**What this task involves:** Go through the lines below and retype each one exactly.

**Extracted records:**
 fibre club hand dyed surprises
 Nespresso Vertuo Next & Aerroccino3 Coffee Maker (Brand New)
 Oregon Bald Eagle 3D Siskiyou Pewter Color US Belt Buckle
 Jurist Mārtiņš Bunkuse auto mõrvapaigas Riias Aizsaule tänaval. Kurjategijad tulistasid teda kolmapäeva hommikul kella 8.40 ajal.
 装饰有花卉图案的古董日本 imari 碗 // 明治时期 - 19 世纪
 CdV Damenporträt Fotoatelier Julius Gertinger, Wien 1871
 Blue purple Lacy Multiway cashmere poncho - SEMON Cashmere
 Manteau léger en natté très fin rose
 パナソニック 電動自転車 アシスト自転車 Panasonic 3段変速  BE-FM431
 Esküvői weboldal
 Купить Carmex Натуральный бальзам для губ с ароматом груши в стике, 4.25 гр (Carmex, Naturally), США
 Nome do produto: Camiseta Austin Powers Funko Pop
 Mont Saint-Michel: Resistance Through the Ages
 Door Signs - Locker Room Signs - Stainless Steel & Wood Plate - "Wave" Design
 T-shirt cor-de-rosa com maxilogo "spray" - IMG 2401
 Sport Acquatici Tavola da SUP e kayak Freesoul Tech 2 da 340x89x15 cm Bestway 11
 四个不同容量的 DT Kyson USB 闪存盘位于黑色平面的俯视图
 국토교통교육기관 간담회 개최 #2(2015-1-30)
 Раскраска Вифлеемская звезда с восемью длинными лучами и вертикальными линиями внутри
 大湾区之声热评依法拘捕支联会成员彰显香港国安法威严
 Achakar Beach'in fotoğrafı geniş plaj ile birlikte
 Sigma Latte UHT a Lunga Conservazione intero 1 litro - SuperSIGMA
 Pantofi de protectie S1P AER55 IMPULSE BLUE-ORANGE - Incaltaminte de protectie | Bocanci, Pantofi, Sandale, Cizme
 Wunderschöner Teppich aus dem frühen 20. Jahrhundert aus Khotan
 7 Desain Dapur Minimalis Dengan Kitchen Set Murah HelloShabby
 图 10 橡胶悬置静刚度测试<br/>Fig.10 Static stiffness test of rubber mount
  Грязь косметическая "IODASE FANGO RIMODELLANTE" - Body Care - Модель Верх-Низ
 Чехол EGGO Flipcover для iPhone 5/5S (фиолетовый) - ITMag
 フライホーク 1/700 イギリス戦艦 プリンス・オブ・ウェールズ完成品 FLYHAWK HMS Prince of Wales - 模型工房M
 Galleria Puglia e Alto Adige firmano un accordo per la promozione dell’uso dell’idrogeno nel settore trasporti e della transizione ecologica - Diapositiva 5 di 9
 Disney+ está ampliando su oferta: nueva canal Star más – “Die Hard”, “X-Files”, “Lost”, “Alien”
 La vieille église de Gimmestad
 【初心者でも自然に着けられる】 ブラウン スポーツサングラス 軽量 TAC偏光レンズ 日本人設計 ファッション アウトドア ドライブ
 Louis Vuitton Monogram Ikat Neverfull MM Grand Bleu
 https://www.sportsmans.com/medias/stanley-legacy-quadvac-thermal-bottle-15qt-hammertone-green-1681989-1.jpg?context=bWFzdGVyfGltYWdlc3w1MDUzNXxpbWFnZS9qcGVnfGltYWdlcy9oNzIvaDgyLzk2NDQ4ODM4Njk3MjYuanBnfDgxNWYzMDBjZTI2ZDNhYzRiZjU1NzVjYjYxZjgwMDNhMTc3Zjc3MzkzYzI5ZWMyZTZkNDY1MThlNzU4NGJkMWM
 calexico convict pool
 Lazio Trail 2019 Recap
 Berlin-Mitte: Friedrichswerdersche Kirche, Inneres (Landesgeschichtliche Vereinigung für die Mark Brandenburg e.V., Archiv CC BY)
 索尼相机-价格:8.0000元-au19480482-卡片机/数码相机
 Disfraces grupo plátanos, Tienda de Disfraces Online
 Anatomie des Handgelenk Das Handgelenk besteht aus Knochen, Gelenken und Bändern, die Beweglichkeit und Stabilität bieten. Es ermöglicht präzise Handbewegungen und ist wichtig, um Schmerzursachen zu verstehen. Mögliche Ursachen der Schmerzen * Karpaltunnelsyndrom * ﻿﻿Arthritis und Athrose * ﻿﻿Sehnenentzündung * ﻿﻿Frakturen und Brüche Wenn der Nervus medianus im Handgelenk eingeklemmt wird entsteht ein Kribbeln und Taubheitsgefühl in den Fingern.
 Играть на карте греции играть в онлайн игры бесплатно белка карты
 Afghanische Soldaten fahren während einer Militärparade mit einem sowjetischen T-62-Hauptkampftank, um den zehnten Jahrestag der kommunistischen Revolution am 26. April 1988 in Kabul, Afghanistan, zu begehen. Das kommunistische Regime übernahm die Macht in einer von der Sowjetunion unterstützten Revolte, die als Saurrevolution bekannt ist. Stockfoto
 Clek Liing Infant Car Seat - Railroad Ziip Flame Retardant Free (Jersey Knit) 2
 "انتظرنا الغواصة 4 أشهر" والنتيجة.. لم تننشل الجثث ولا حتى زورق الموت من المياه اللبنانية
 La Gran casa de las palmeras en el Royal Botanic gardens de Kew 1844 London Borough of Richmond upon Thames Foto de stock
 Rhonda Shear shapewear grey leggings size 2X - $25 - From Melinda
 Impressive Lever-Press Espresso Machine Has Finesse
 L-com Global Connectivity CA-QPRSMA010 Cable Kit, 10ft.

**Answer space:**
 fibre club hand dyed surprises
 Nespresso Vertuo Next & Aerroccino3 Coffee Maker (Brand New)
 Oregon Bald Eagle 3D Siskiyou Pewter Color US Belt Buckle
 Jurist Mārtiņš Bunkuse auto mõrvapaigas Riias Aizsaule tänaval. Kurjategijad tulistasid teda kolmapäeva hommikul kella 8.40 ajal.
 装饰有花卉图案的古董日本 imari 碗 // 明治时期 - 19 世纪
 CdV Damenporträt Fotoatelier Julius Gertinger, Wien 1871
 Blue purple Lacy Multiway cashmere poncho - SEMON Cashmere
 Manteau léger en natté très fin rose
 パナソニック 電動自転車 アシスト自転車 Panasonic 3段変速  BE-FM431
 Esküvői weboldal
 Купить Carmex Натуральный бальзам для губ с ароматом груши в стике, 4.25 гр (Carmex, Naturally), США
 Nome do produto: Camiseta Austin Powers Funko Pop
 Mont Saint-Michel: Resistance Through the Ages
 Door Signs - Locker Room Signs - Stainless Steel & Wood Plate - "Wave" Design
 T-shirt cor-de-rosa com maxilogo "spray" - IMG 2401
 Sport Acquatici Tavola da SUP e kayak Freesoul Tech 2 da 340x89x15 cm Bestway 11
 四个不同容量的 DT Kyson USB 闪存盘位于黑色平面的俯视图
 국토교통교육기관 간담회 개최 #2(2015-1-30)
 Раскраска Вифлеемская звезда с восемью длинными лучами и вертикальными линиями внутри
 大湾区之声热评依法拘捕支联会成员彰显香港国安法威严
 Achakar Beach'in fotoğrafı geniş plaj ile birlikte
 Sigma Latte UHT a Lunga Conservazione intero 1 litro - SuperSIGMA
 Pantofi de protectie S1P AER55 IMPULSE BLUE-ORANGE - Incaltaminte de protectie | Bocanci, Pantofi, Sandale, Cizme
 Wunderschöner Teppich aus dem frühen 20. Jahrhundert aus Khotan
 7 Desain Dapur Minimalis Dengan Kitchen Set Murah HelloShabby
 图 10 橡胶悬置静刚度测试<br/>Fig.10 Static stiffness test of rubber mount
  Грязь косметическая "IODASE FANGO RIMODELLANTE" - Body Care - Модель Верх-Низ
 Чехол EGGO Flipcover для iPhone 5/5S (фиолетовый) - ITMag
 フライホーク 1/700 イギリス戦艦 プリンス・オブ・ウェールズ完成品 FLYHAWK HMS Prince of Wales - 模型工房M
 Galleria Puglia e Alto Adige firmano un accordo per la promozione dell’uso dell’idrogeno nel settore trasporti e della transizione ecologica - Diapositiva 5 di 9
 Disney+ está ampliando su oferta: nueva canal Star más – “Die Hard”, “X-Files”, “Lost”, “Alien”
 La vieille église de Gimmestad
 【初心者でも自然に着けられる】 ブラウン スポーツサングラス 軽量 TAC偏光レンズ 日本人設計 ファッション アウトドア ドライブ
 Louis Vuitton Monogram Ikat Neverfull MM Grand Bleu
 https://www.sportsmans.com/medias/stanley-legacy-quadvac-thermal-bottle-15qt-hammertone-green-1681989-1.jpg?context=bWFzdGVyfGltYWdlc3w1MDUzNXxpbWFnZS9qcGVnfGltYWdlcy9oNzIvaDgyLzk2NDQ4ODM4Njk3MjYuanBnfDgxNWYzMDBjZTI2ZDNhYzRiZjU1NzVjYjYxZjgwMDNhMTc3Zjc3MzkzYzI5ZWMyZTZkNDY1MThlNzU4NGJkMWM
 calexico convict pool
 Lazio Trail 2019 Recap
 Berlin-Mitte: Friedrichswerdersche Kirche, Inneres (Landesgeschichtliche Vereinigung für die Mark Brandenburg e.V., Archiv CC BY)
 索尼相机-价格:8.0000元-au19480482-卡片机/数码相机
 Disfraces grupo plátanos, Tienda de Disfraces Online
 Anatomie des Handgelenk Das Handgelenk besteht aus Knochen, Gelenken und Bändern, die Beweglichkeit und Stabilität bieten. Es ermöglicht präzise Handbewegungen und ist wichtig, um Schmerzursachen zu verstehen. Mögliche Ursachen der Schmerzen * Karpaltunnelsyndrom * ﻿﻿Arthritis und Athrose * ﻿﻿Sehnenentzündung * ﻿﻿Frakturen und Brüche Wenn der Nervus medianus im Handgelenk eingeklemmt wird entsteht ein Kribbeln und Taubheitsgefühl in den Fingern.
 Играть на карте греции играть в онлайн игры бесплатно белка карты
 Afghanische Soldaten fahren während einer Militärparade mit einem sowjetischen T-62-Hauptkampftank, um den zehnten Jahrestag der kommunistischen Revolution am 26. April 1988 in Kabul, Afghanistan, zu begehen. Das kommunistische Regime übernahm die Macht in einer von der Sowjetunion unterstützten Revolte, die als Saurrevolution bekannt ist. Stockfoto
 Clek Liing Infant Car Seat - Railroad Ziip Flame Retardant Free (Jersey Knit) 2
 "انتظرنا الغواصة 4 أشهر" والنتيجة.. لم تننشل الجثث ولا حتى زورق الموت من المياه اللبنانية
 La Gran casa de las palmeras en el Royal Botanic gardens de Kew 1844 London Borough of Richmond upon Thames Foto de stock
 Rhonda Shear shapewear grey leggings size 2X - $25 - From Melinda
 Impressive Lever-Press Espresso Machine Has Finesse
 L-com Global Connectivity CA-QPRSMA010 Cable Kit, 10ft.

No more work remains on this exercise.